> _What to work on_: Everything in the listing below should be written out again exactly, except the pictures.

> _Data shown_:
________

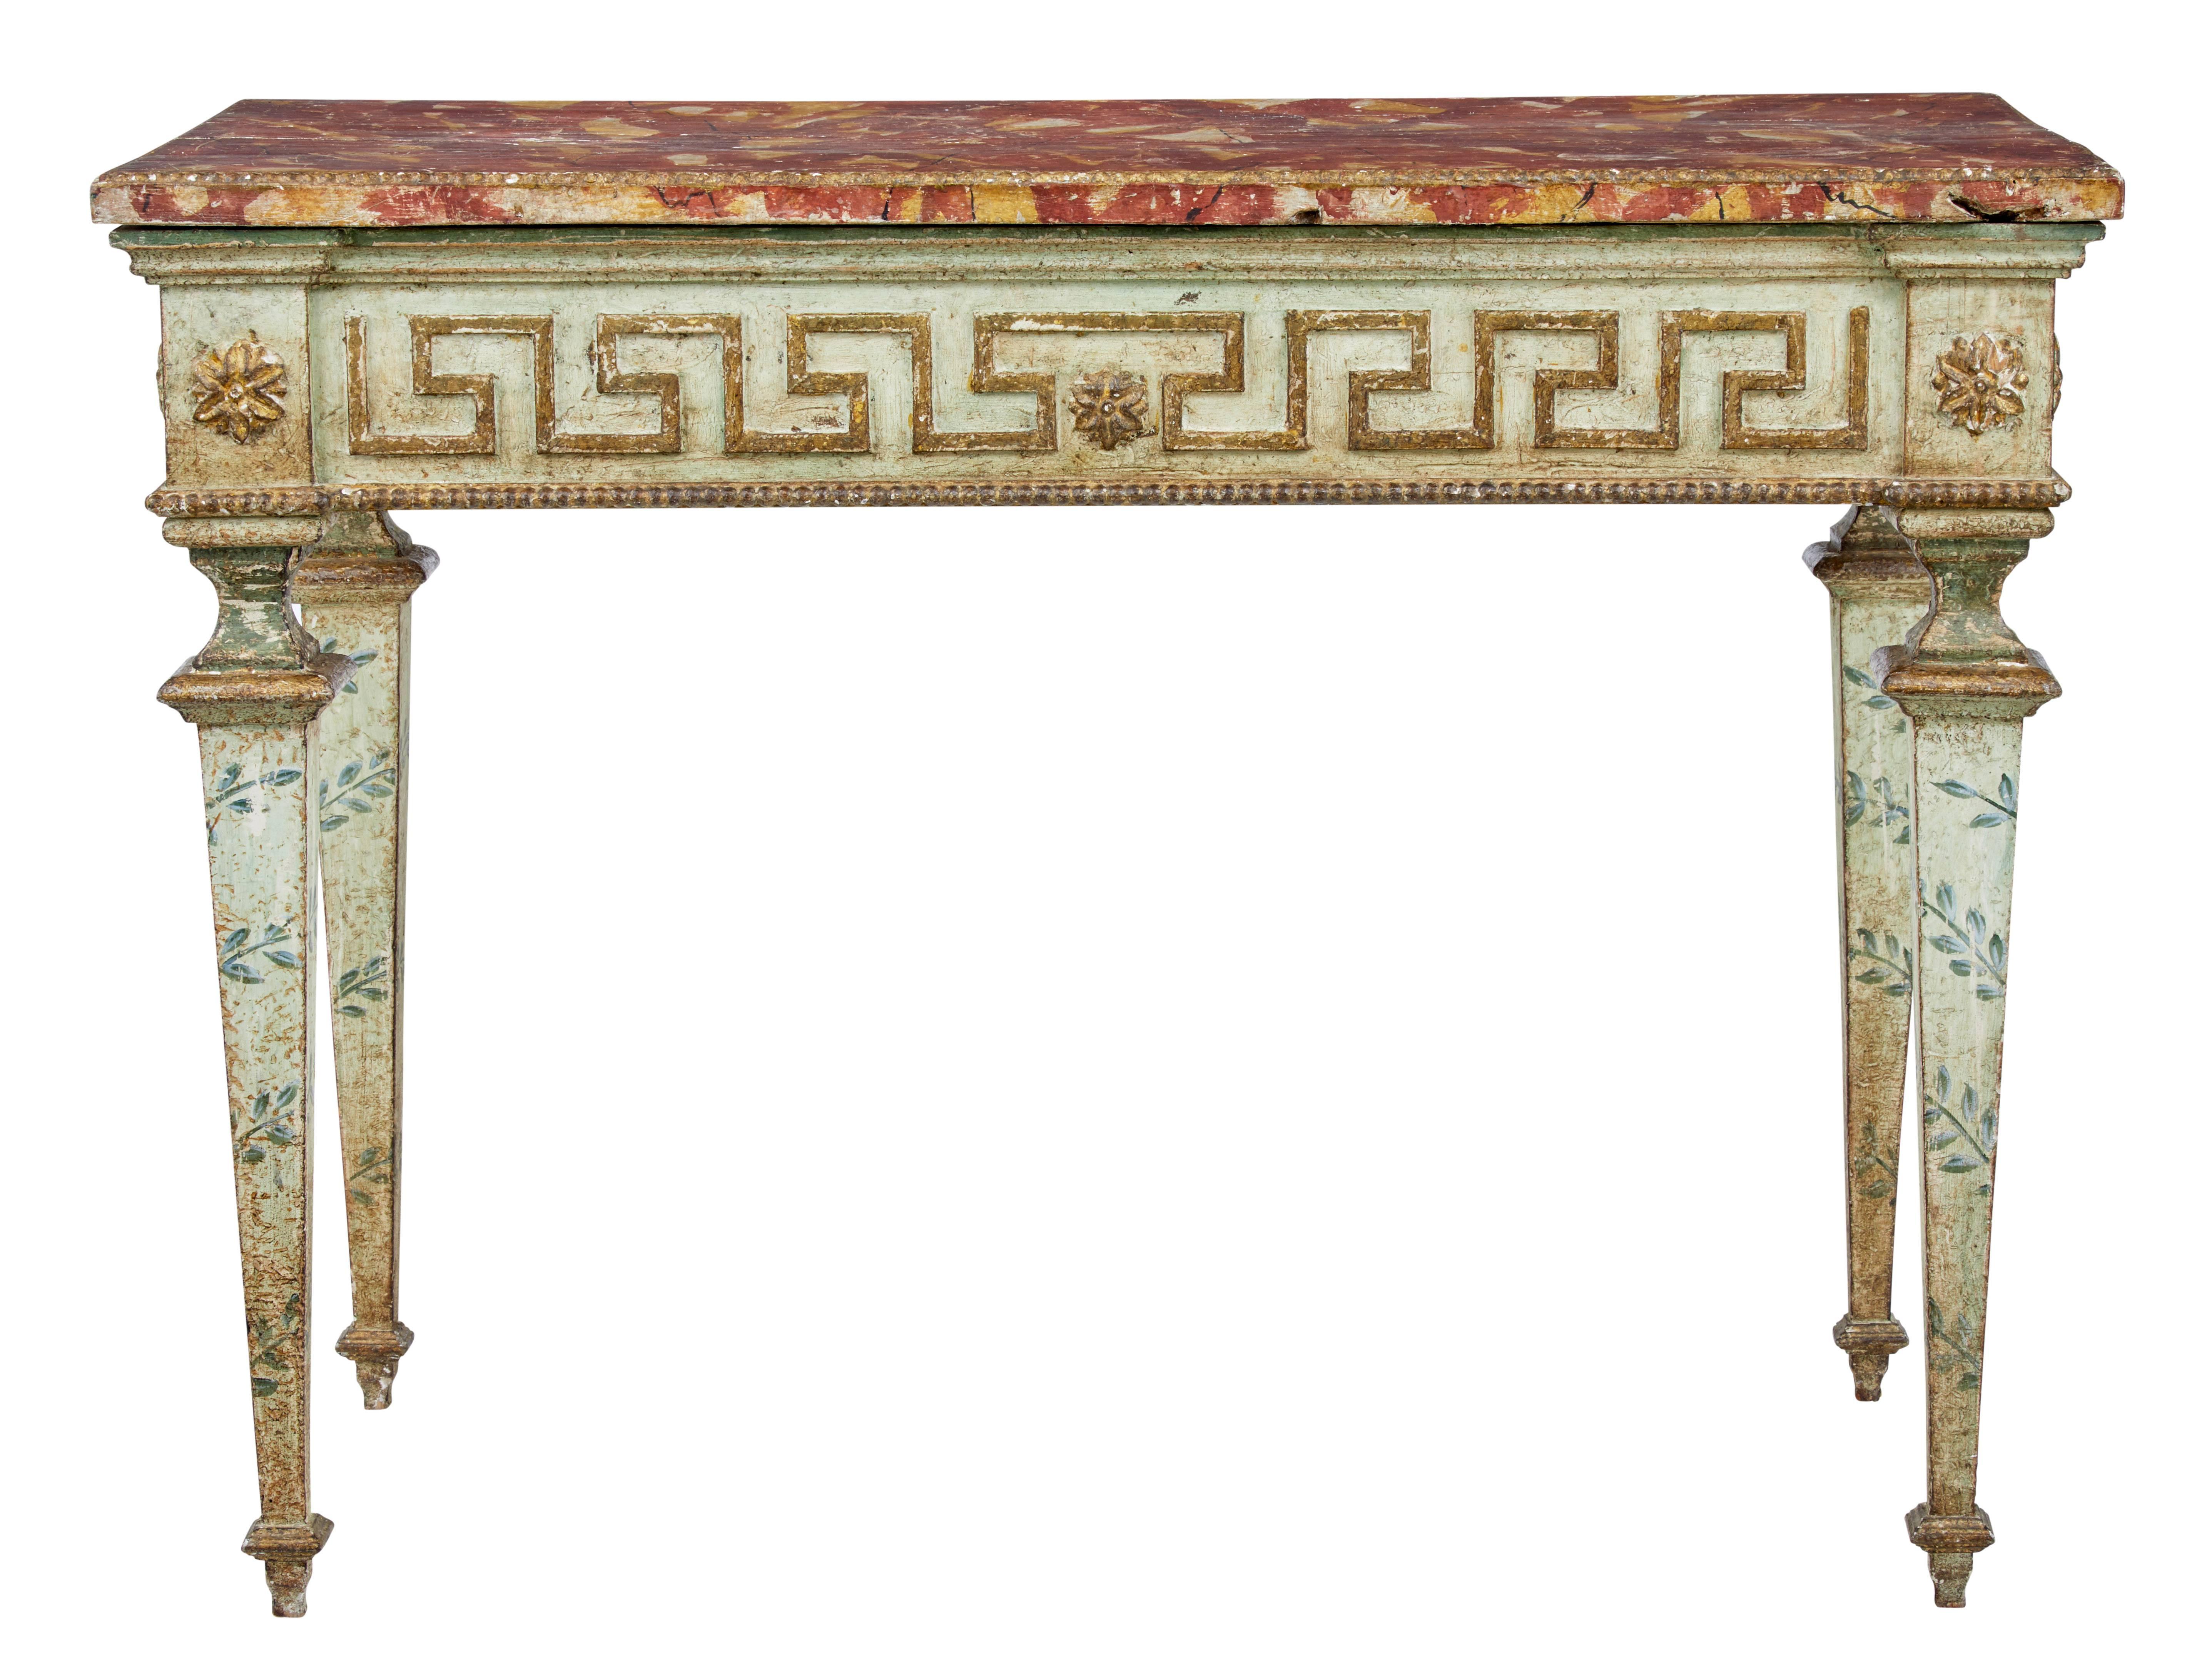 We are pleased to offer this stunning pair of Tuscan Italian console tables, circa 1880.

Faux marble painted top to simulate sienna marble with gilt beaded edge.

Gilt Greek key design to the frieze with applied rosettes. Each table standing on
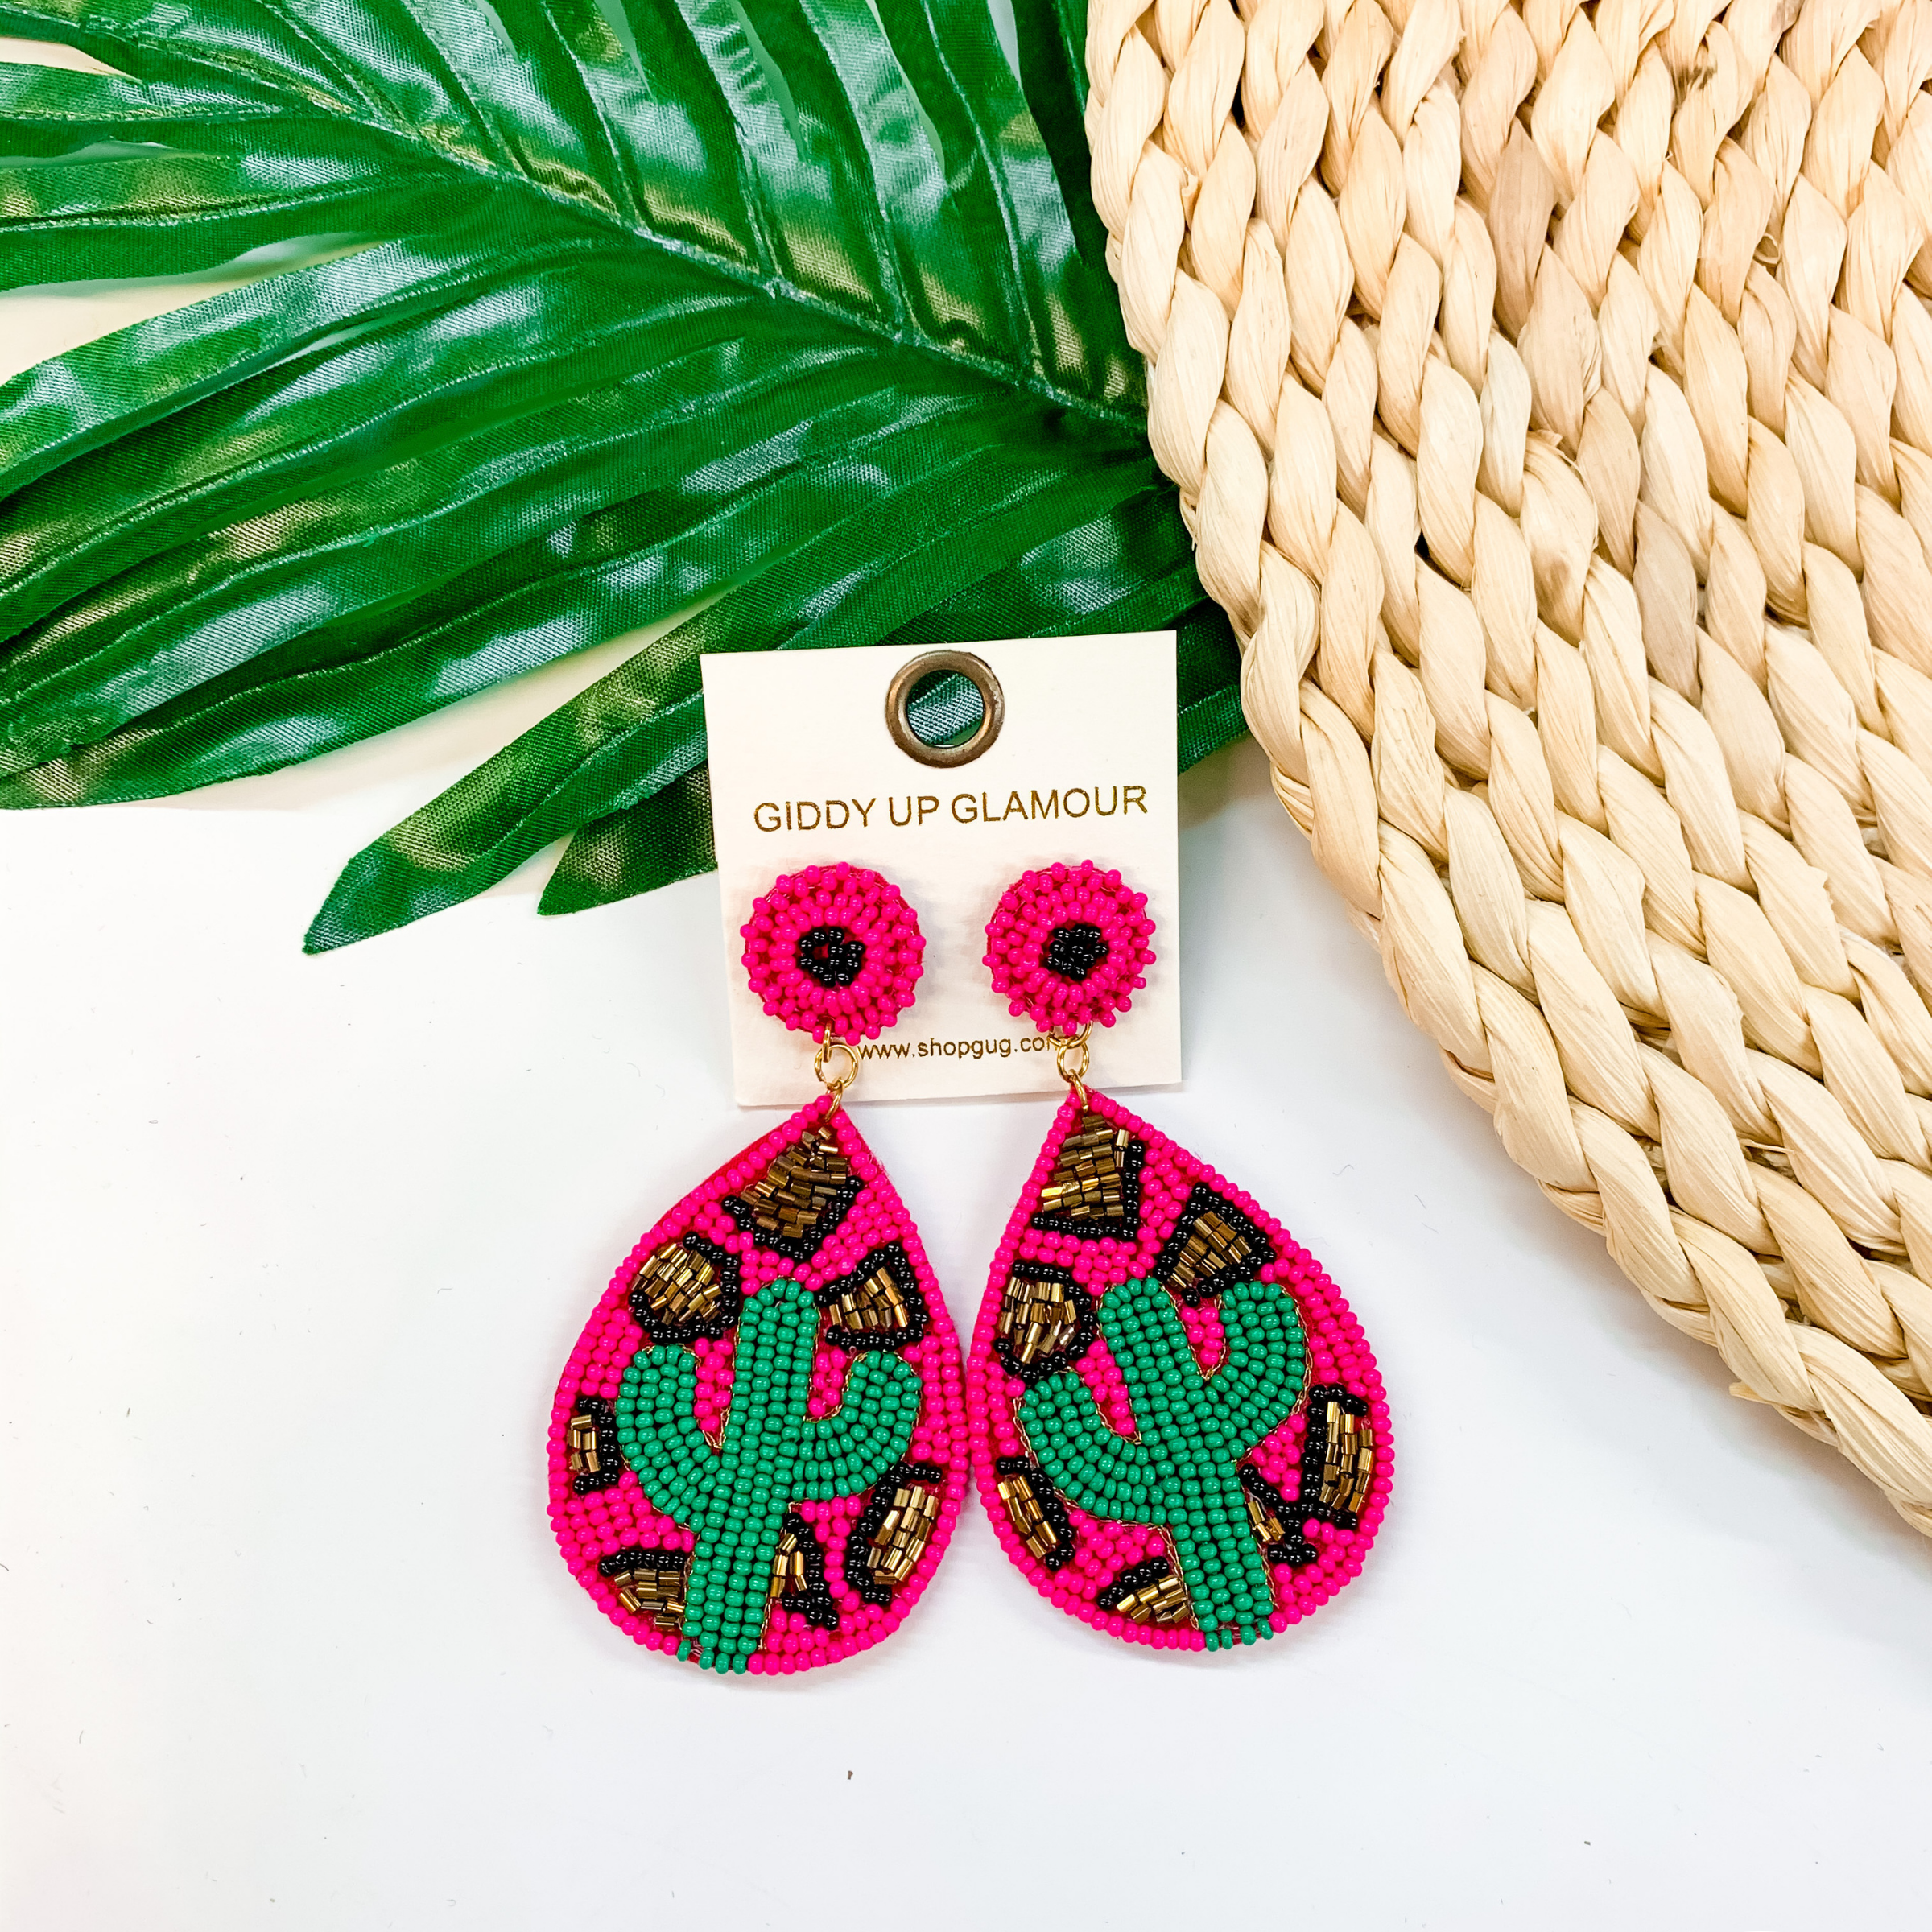 Cactus and Leopard Print Seed Bead Teardrop Earrings In Fuchsia and Green - Giddy Up Glamour Boutique

________

> _Problem solution_:
 We are pleased to offer this stunning pair of Tuscan Italian console tables, circa 1880.

Faux marble painted top to simulate sienna marble with gilt beaded edge.

Gilt Greek key design to the frieze with applied rosettes. Each table standing on
 Cactus and Leopard Print Seed Bead Teardrop Earrings In Fuchsia and Green - Giddy Up Glamour Boutique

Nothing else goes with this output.